3. Pour toutes ces raisons, le patient a été réadmis et la corticothérapie a été reprise à la dose de 2 mg/kg/jour. A cette occasion, une amélioration transitoire a été obtenue, sans correction des paramètres analytiques, et dans les jours suivants, une élévation des marqueurs de cytolyse et de cholestase a commencé à apparaître. Une échographie abdominale et une cholangio-IRM ont permis d'exclure une complication infectieuse/vasculaire/tumorale aiguë et, conformément aux directives cliniques, il a été décidé d'envisager un suivi conjoint avec l'hépatologie et de réaliser une biopsie du foie. La biopsie a été réalisée le 02/01/2019, montrant un modèle de lésion cholestatique mixte avec une inflammation portale et une dilatation sinusoïdale marquée, sans fibrose. Ces données sont compatibles avec un syndrome veinocclusif naissant. En ce qui concerne l'éruption cutanée, une demande d'évaluation a été adressée aux services d'allergologie et de dermatologie, car la patiente l'attribuait à une prise initiale d'allopurinol due à une hyperuricémie, et la conclusion finale a été qu'il pourrait s'agir d'un syndrome de Dress renforcé par l'immunothérapie. Le rôle de l'allopurinol reste incertain en raison de la chronologie des événements. Compte tenu de ces résultats, la détérioration clinique et analytique a été attribuée à une hépatotoxicité auto-immune réfractaire à la corticothérapie, et le mycophénolate mofétil a été instauré à la dose de 1 g toutes les 12 heures.

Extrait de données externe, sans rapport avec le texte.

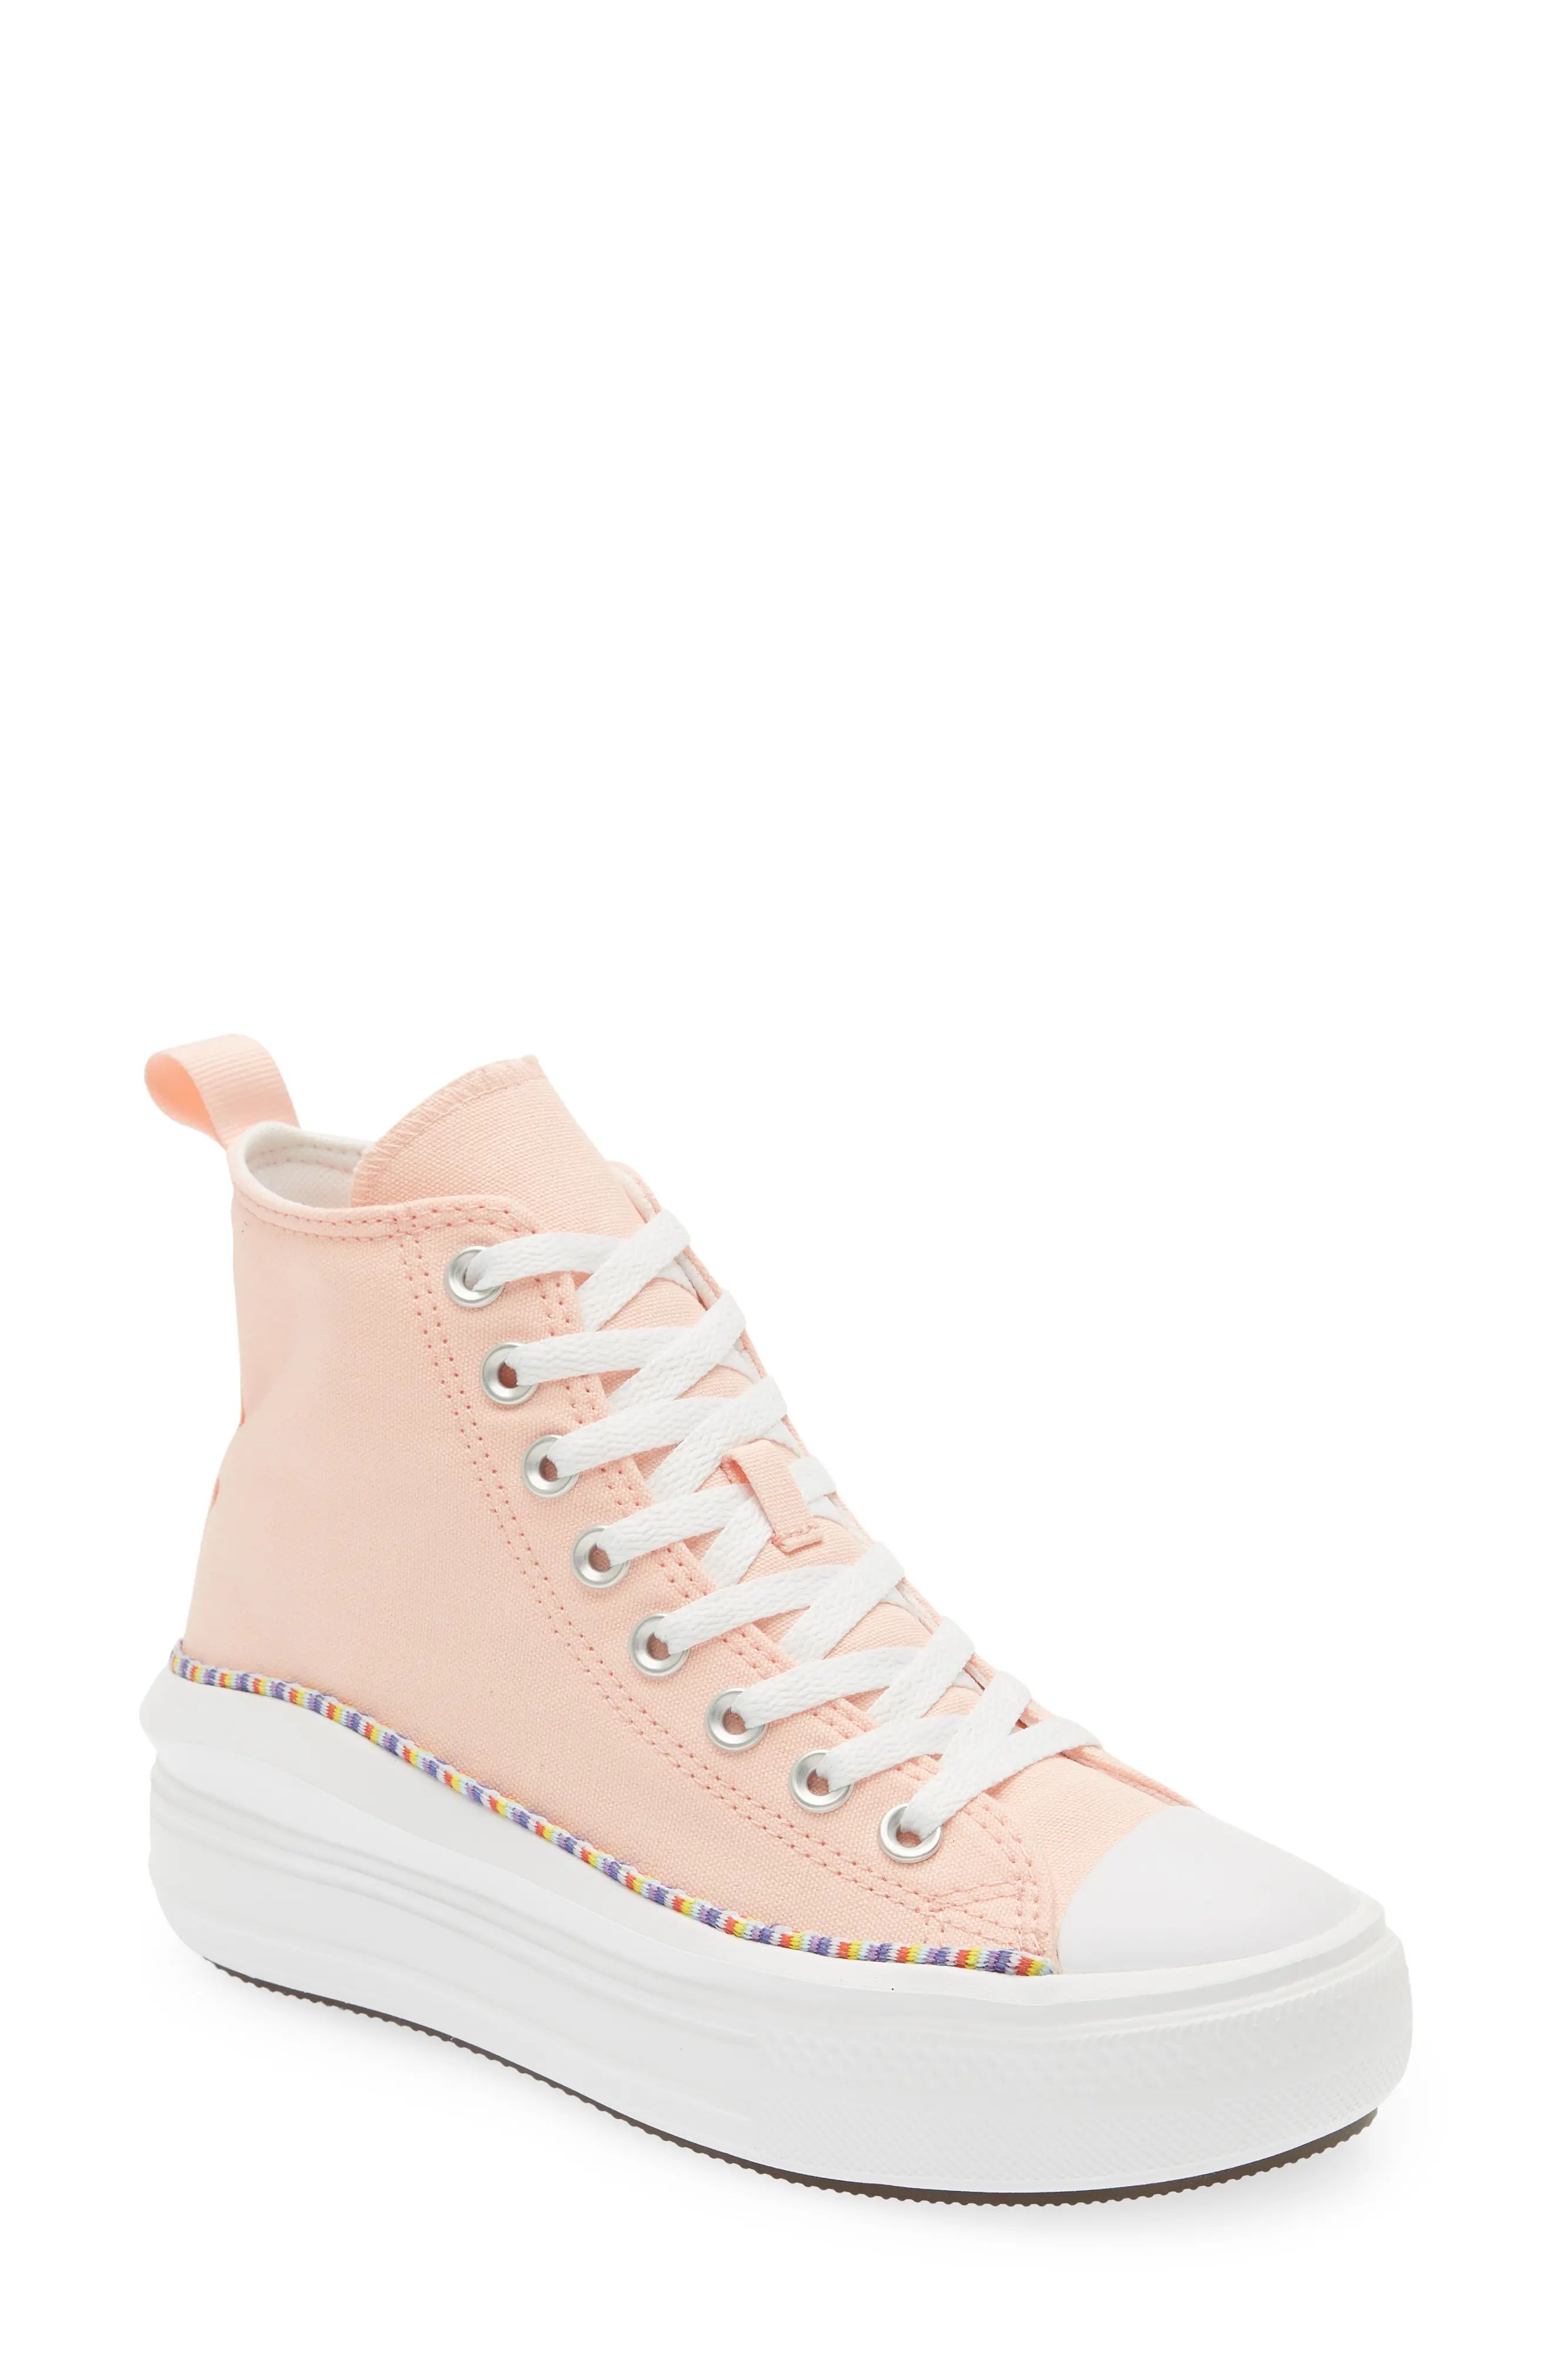 Converse Chuck Taylor(R) All Star(R) Move High Top Platform Sneaker in Pink/White at Nordstrom, Size | Nordstrom

Après traitement, une amélioration partielle de la fonction hépatique et de l'état général a été observée, permettant au patient de sortir le 11/01/2019 avec un suivi ambulatoire strict et l'arrêt des cycles d'entretien.
Lors de la réévaluation par tomodensitométrie de la maladie le 04/02/2019, une réponse partielle de la maladie oncologique est toujours détectée. Cependant, des résultats caractéristiques d'une maladie veinocclusive hépatique établie sont révélés, avec une altération marquée de la perfusion hépatique, un œdème périportal et un œdème de la paroi vésiculaire, ainsi qu'une quantité abondante de liquide ascitique.
Enfin, le patient a été amené aux urgences le 22/02/2019 en raison d'une détérioration soudaine du niveau de conscience, avec une déconnexion complète de l'environnement, un abdomen distendu, une hypotension et une tachycardie. Malgré un traitement initial par antibiothérapie et fluidothérapie intensive, la détérioration clinique et hémodynamique a persisté, si bien qu'après avoir discuté de la situation avec la famille, il a été convenu de commencer la sédation palliative du patient. Quelques heures après le début de la sédation, le patient est décédé le jour même.